You can go quite a long way by following the Boy Scout Motto of leave things better than you found them. Whenever you work on a part of your system, improve it, leave it better. Sometimes you will have to plan a larger piece of work. You’ll have to plan it and schedule it and make time for it. One of the things we did on ft.com was we replaced a package we had called n-ui. N-ui handled assets for us. It was basically on every page. It did things like building and loading client side code, configuring and loading templates. It did tracking. It did ads configuration. It did loads. It was a haunted forest. The current team didn’t feel confident at all making changes to it. It was really tightly coupled to decisions that had been made right at the beginning of the project. We put a small team together, and they spent some time splitting out all that functionality into a set of loosely coupled packages. It’s much simpler, it’s much easier to understand, and all of our engineers can now confidently make contributions to different parts of it. As a byproduct, this wasn’t like the stated aim of the project, but as a pleasant side effect. This has also increased the performance of the site.

You do have to schedule this work properly. This took a team of four people about nine months. That is a significant investment. It’s not something you can just do alongside feature delivery, it’s something you actually need to make time for. We’re about to kick off another piece of work, to a similar thing. This is a diagram of our APIs for displaying content. Over time it’s organically grown to look a bit like spaghetti. I went to the Next API. We have a situation now where we’ve got a new homepage, and the new homepage doesn’t use Next API. We’ve got a new app. The new app uses both Next API and the App API. We’re kicking off a project now to rationalize those content APIs.
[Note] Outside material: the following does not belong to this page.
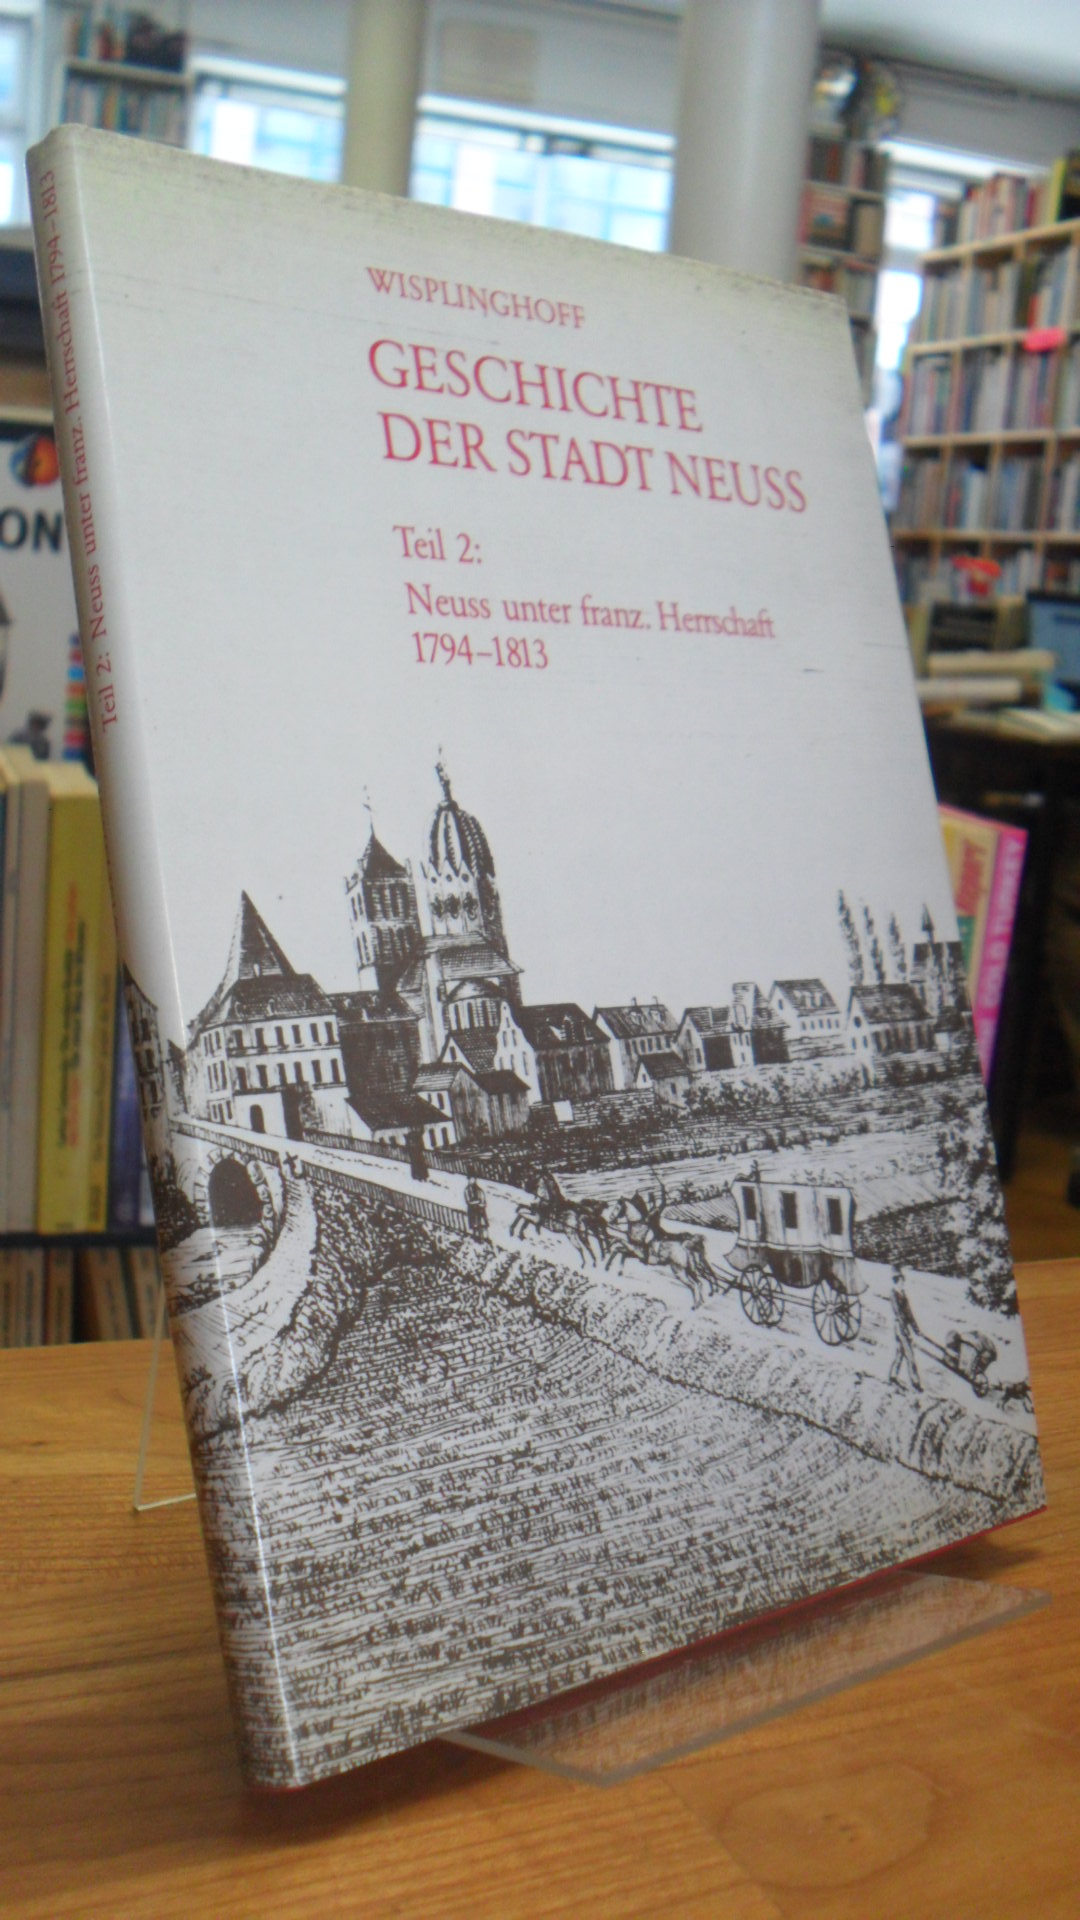 Neuss / Wisplinghoff, Geschichte der Stadt Neuss – Teil 2: Neuss unter französis

My point here is, it’s not one and done. Tech changes, things change, entropy is inevitable. You will have to keep doing these types of pieces of work. Because of that, you need to learn how to sell the work. As it happens, coincidentally, recently, I read a really good article on InfoQ, which talks about how to sell this technical work to the business. The key points from the article are stories are really important. You structure your message, the piece of work you want to get done as a story with your business partner as the hero and you as the guide. Then you back it up with business orientated metrics and data. Things like productivity, turnaround time, performance, quality. Learning how to do these kinds of things is what helps you make sure you can set aside the time to fight entropy. Entropy is inevitable, so you have to make sure you schedule in larger simplification projects.

Accept Entropy and Handle It

Then the last thing you have to do once you’ve done those things, is you have to accept entropy. You have to accept that there will be disorder, and handle it. The fact is, you’ve accepted some level of complexity by using microservices. Whether you meant to or not, whether you know that or not, the fact of the matter is, you have taken that on. Because microservices trade complicated monoliths for complex interacting systems of simple services. The services themselves are simpler, the interactions are much more complex. To return to this gov.uk diagram, as an architecture diagram, this is not the most complicated diagram. Everything’s in its right place, the layers are separate. It’s clear where things live in the right place, things where things live. What is complex about this diagram is the interaction. You can see that there are different colors for different kinds of interaction. With microservices, there’s a possibility of cascading failures. Failure in one system causing failures in systems around them. The other thing about microservices is there’s a difficulty of spotting where an error is. The bug might be in one microservice, but we actually don’t see the impact several microservices away, and it can be quite hard to track that down.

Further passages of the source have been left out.